Verschlafen öffne ich die Augen. Sherlock sitzt mit meinem Laptop in seinem Sessel und scheint zu lesen. "Was machst du?" frage ich leise. Der Lockenkopf hebt den Blick und kommt dann sofort zu mir, setzt sich vor der Couch auf den Boden um in etwa mit mir auf Augenhöhe zu sein, da ich noch immer liege. "Ich habe deinen Blog gelesen." sagt er, "Und deine Grammatik verbessert." Ich muss schmunzeln. Natürlich hat er das. "Wo ist Rosie?" frage ich dann und sehe mich um. Ich kann meine kleine Tochter nirgendwo entdecken. 

"Hat Mary sie geholt?" frage ich und setze mich auf. Sherlock setzt sich neben mich auf die Couch und schüttelt den Kopf. "Mrs Hudson fand die Spiele, die ich mit ihr gespielt habe, nicht kindgerecht. Sie sind jetzt unten und schauen zusammen einen Disneyfilm." gibt er dann zu. Belehrend sehe ich ihn an. "Sie hatte Spaß!" "Sie ist drei! Sie hat an allem Spaß!" "Außerdem war es doch kein echter Tatort!" nuschelt Sherlock beleidigt. Seufzend schüttle ich den Kopf und lehne mich gegen ihn. Sofort versteift Sherlock sich. Er ist mit körperliche Nähe noch immer überfordert. Meistens jedenfalls. 

"Danke, dass du dich um sie gekümmert hast." "Kein Problem. Sie ist schließlich mein kleines Mädchen." Ein Lächeln schleicht sich auf meine Lippen. Ich mag es, wenn Sherlock Rosie sein kleines Mädchen nennt. "Wir brauchen hier ein Kinderzimmer für sie." bestimmt Sherlock plötzlich. Verdutzt sehe ich ihn an: "Und wie soll das deiner Meinung nach aussehen?" "Naja, so wie ein Kinderzimmer halt aussieht. Ein Bett, Schränke mit Spielsachen, ein Steckdosennachtlicht..." Ich kann nicht anders, als über seine Begeisterung zu grinsen. 

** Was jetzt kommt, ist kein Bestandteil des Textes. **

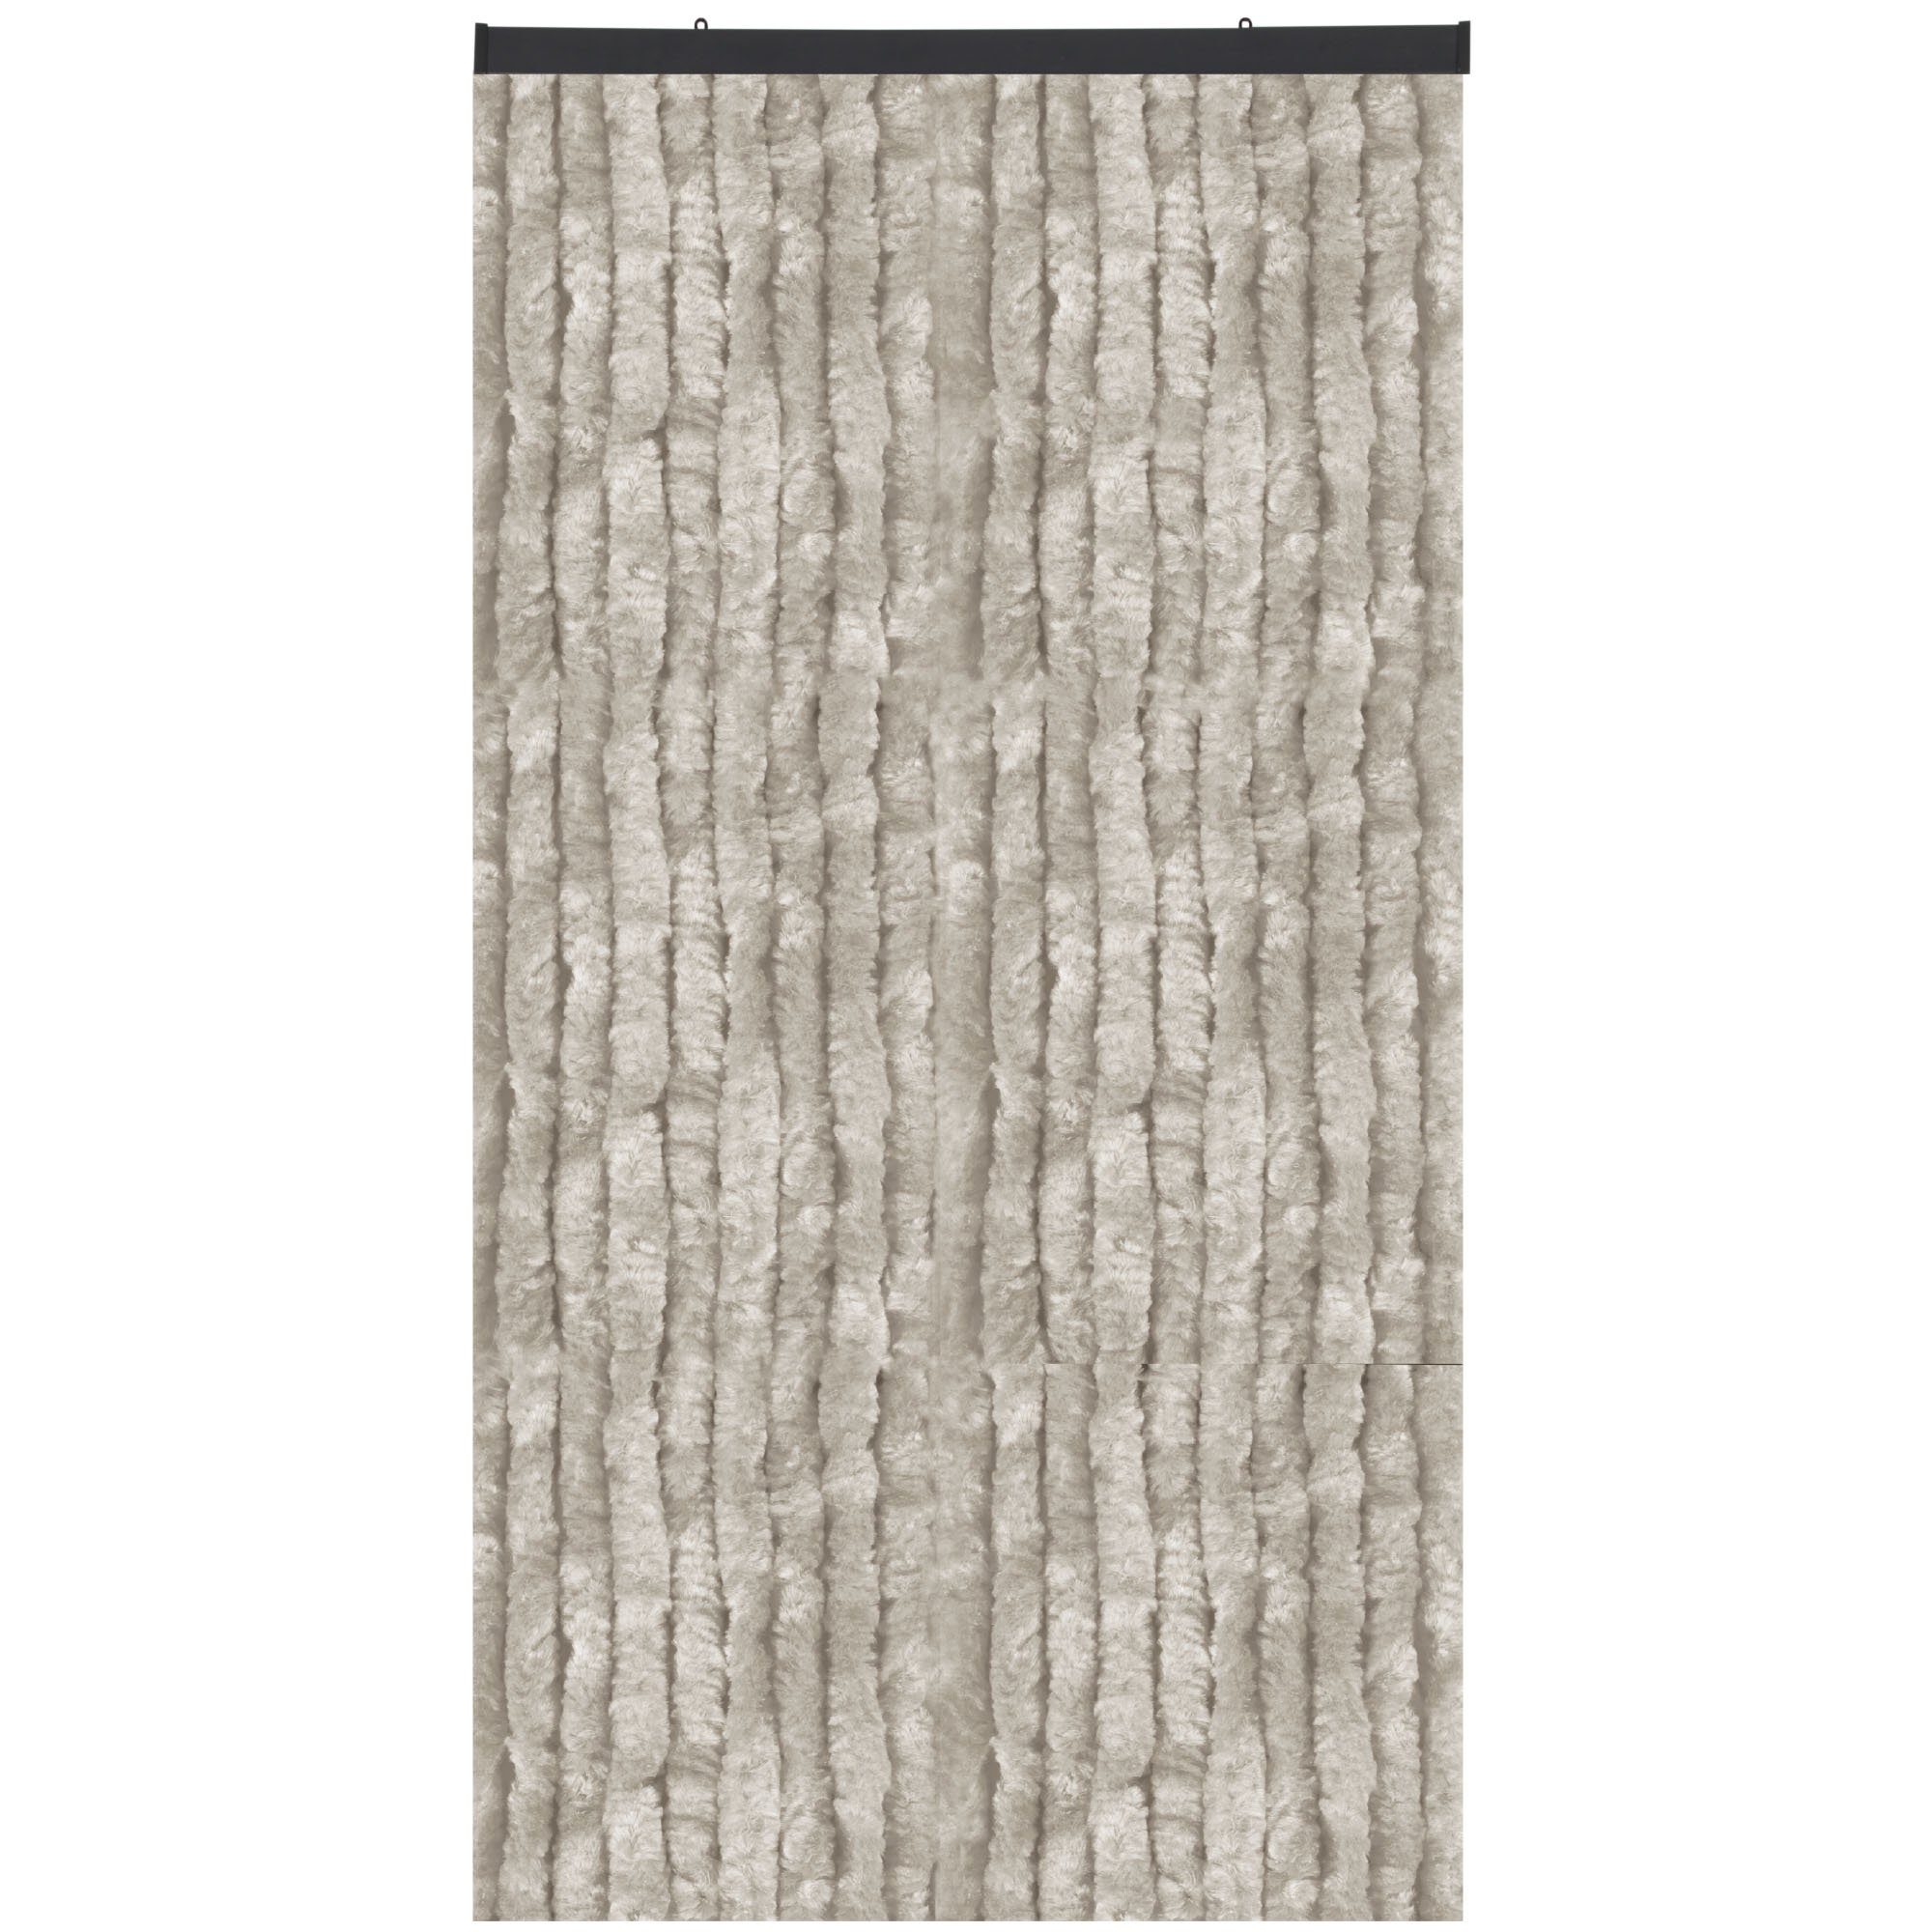 Türvorhang Flauschi, Arsvita, Ösen (1 St), Flauschvorhang 160x185 cm in Unistreifen grau, viele Farben

"Das klingt wirklich toll und es bedeutet mir viel, aber wir haben kein Zimmer. Sie kann ja schlecht unten in die Gruselwohnung ziehen." "Du schläfst einfach bei mir. Und sie kann in dein Zimmer ziehen. Du hast deine Sachen ja eh noch nicht ausgepackt. Es macht keinen Unterschied, ob du sie in deinem oder meinem Zimmer auspackst." Noch immer starre ich ihn nur ungläubig an. 

"Hast du es verstanden?" fragt Sherlock nach einer Weile. "Ja, ich bin ja nicht vollkommen dämlich. Aber-" Sherlock lässt mich nicht aussprechen. Er greift meinen Nacken und drückt seine Lippen auf meine. Überrascht spanne ich mich an. Aber dann schließe ich langsam die Augen und erwidere den Kuss. "Es war gelogen, als ich sagte, dass es mir leidtut." haucht Sherlock gegen meine Lippen. "Ich weiß." grinse ich. 

Mary und ich haben Rosie die Wahl gelassen und sie hat sich ausgesucht, bei Sherlock und mir zu wohnen. Natürlich ist sie auch noch regelmäßig bei ihrer Mutter. Sherlock und ich sind zusammengekommen und es auch für immer geblieben. Wir haben geheiratet und sind natürlich nie aus der Baker Street 221B weggezogen.